* WHAT YOU WILL DO: Transcribe each line below verbatim; pictures excluded.

* COLLECTED DATA:
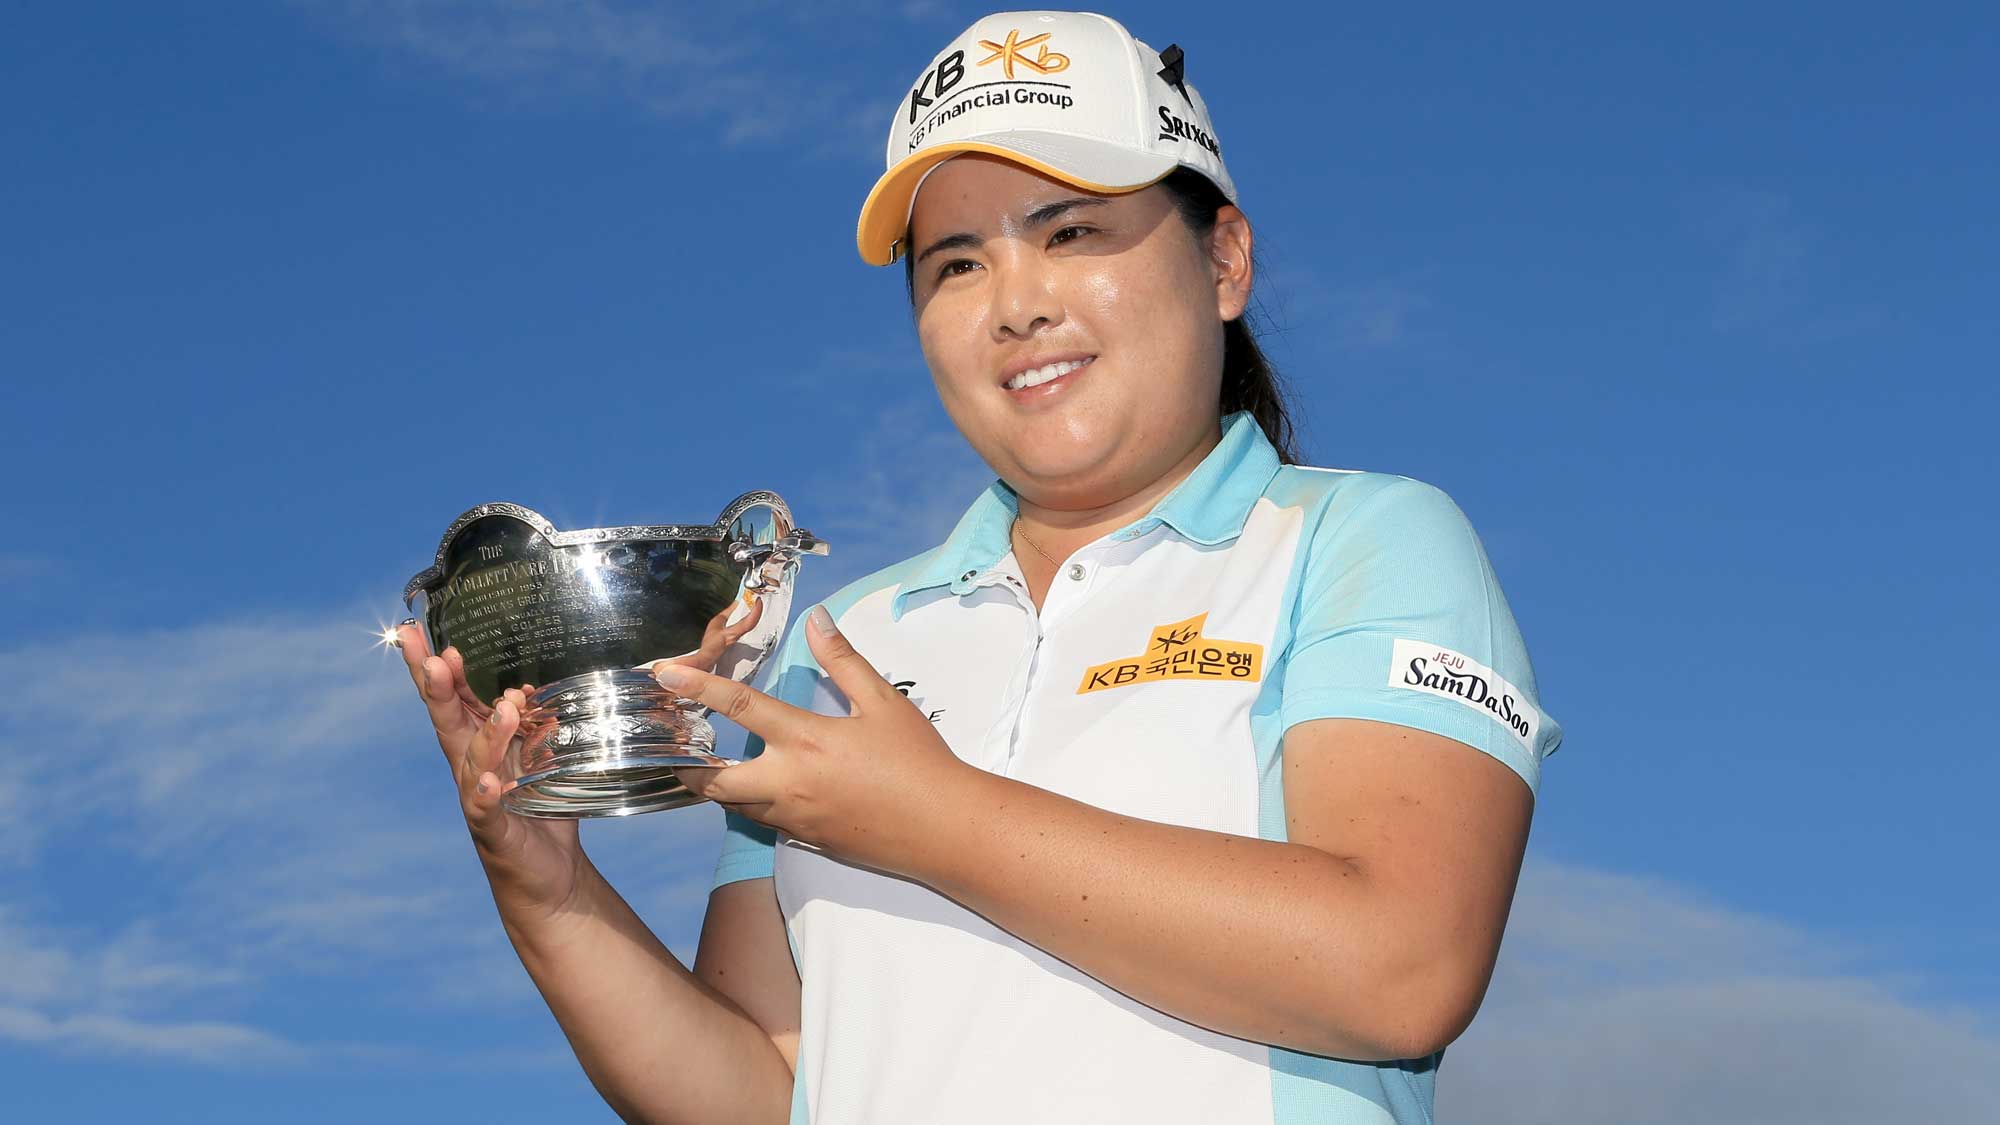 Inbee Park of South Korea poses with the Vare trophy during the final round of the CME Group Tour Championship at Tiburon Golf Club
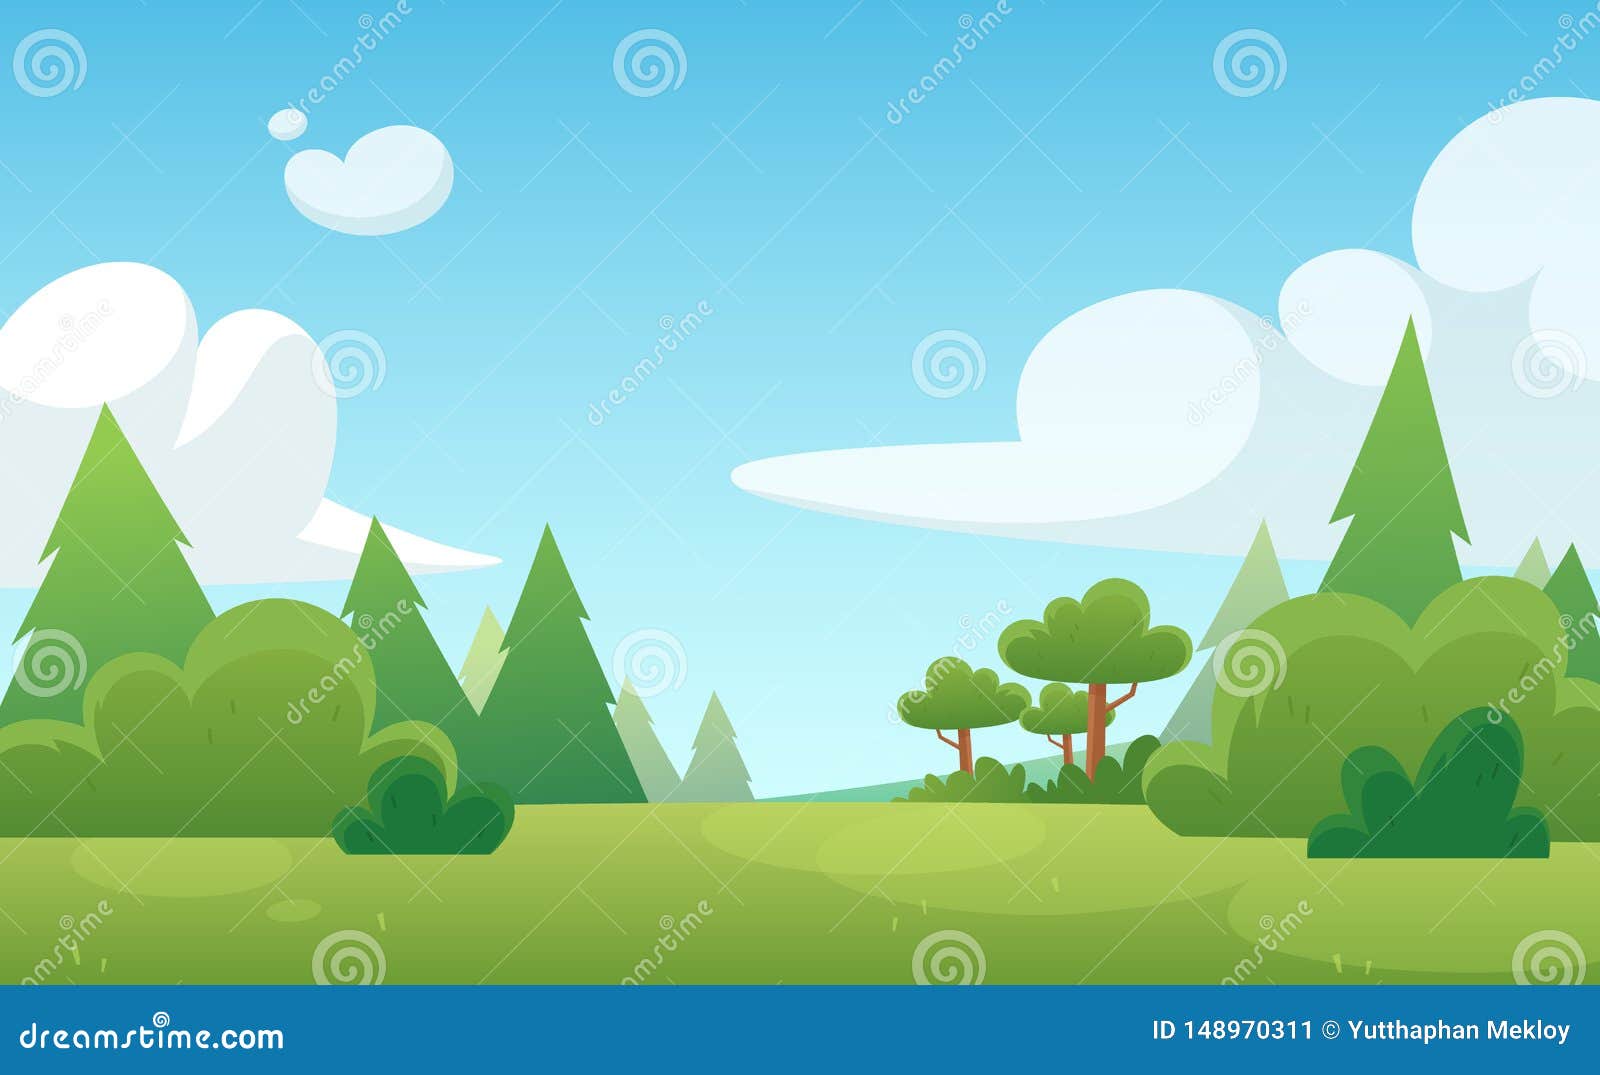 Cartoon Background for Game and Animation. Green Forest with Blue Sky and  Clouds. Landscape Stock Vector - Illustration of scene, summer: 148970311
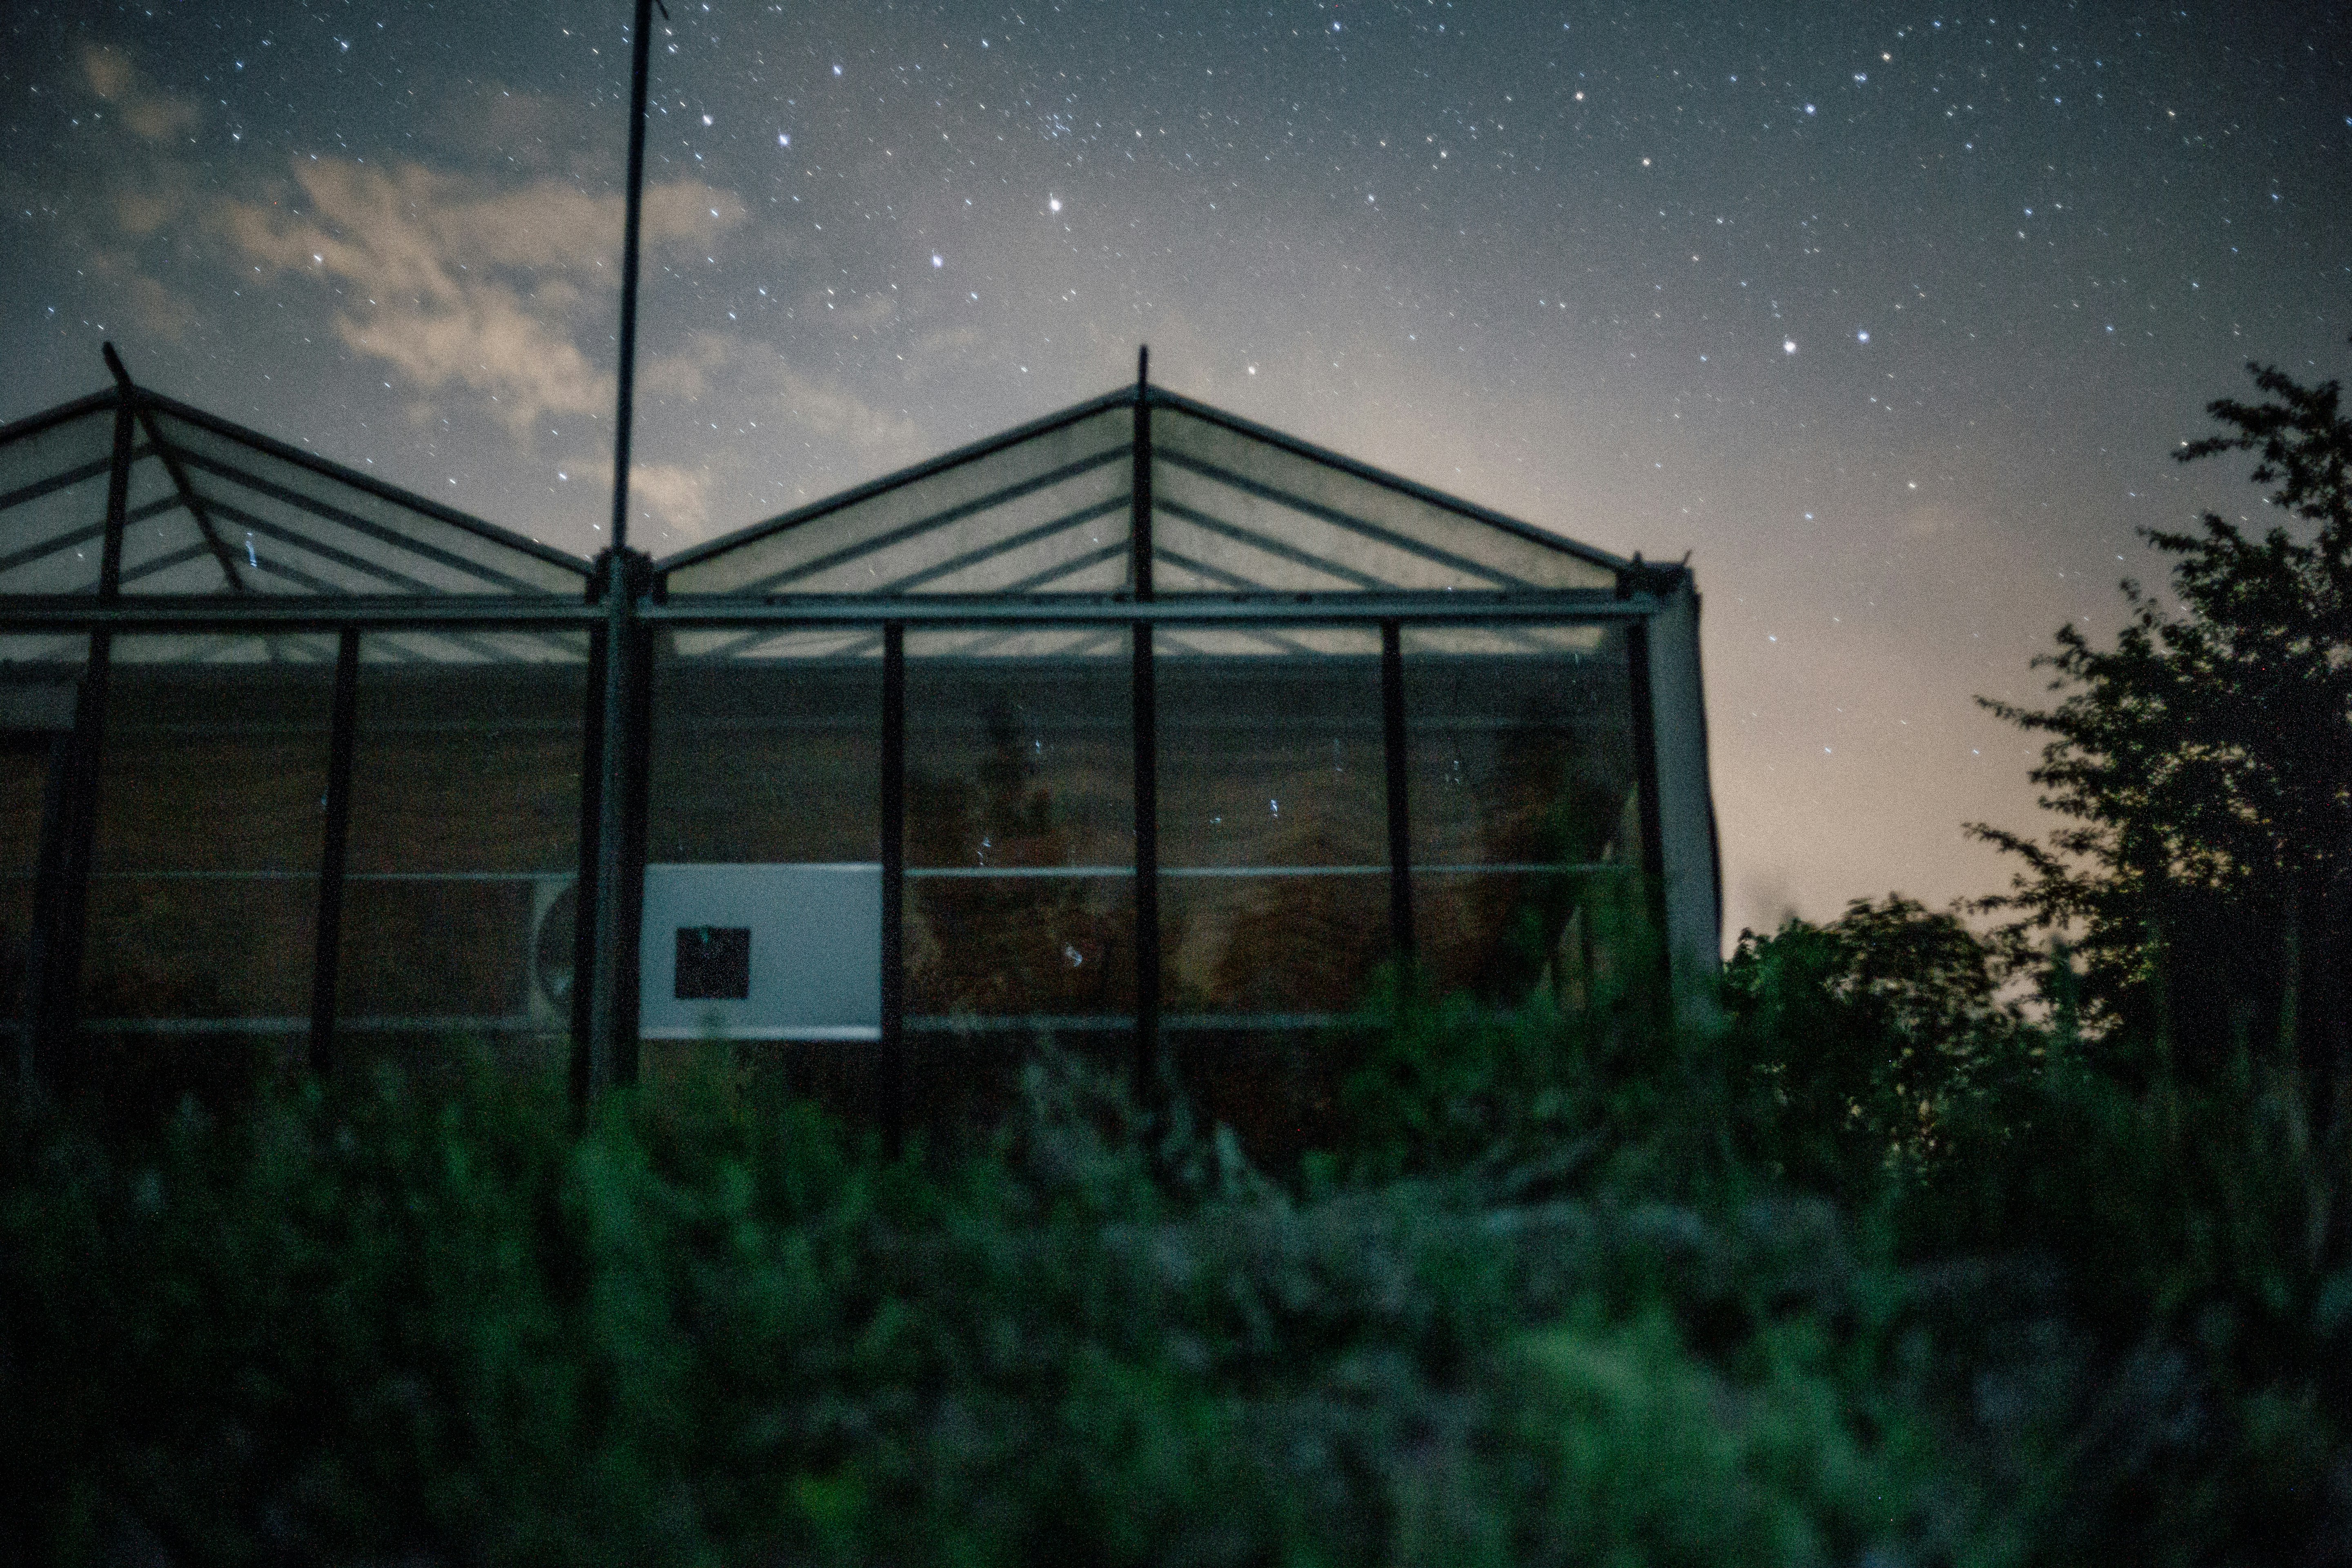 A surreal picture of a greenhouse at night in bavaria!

* WRITTEN ANSWER:
 Inbee Park of South Korea poses with the Vare trophy during the final round of the CME Group Tour Championship at Tiburon Golf Club
 Cartoon Background for Game and Animation. Green Forest with Blue Sky and  Clouds. Landscape Stock Vector - Illustration of scene, summer: 148970311
 A surreal picture of a greenhouse at night in bavaria!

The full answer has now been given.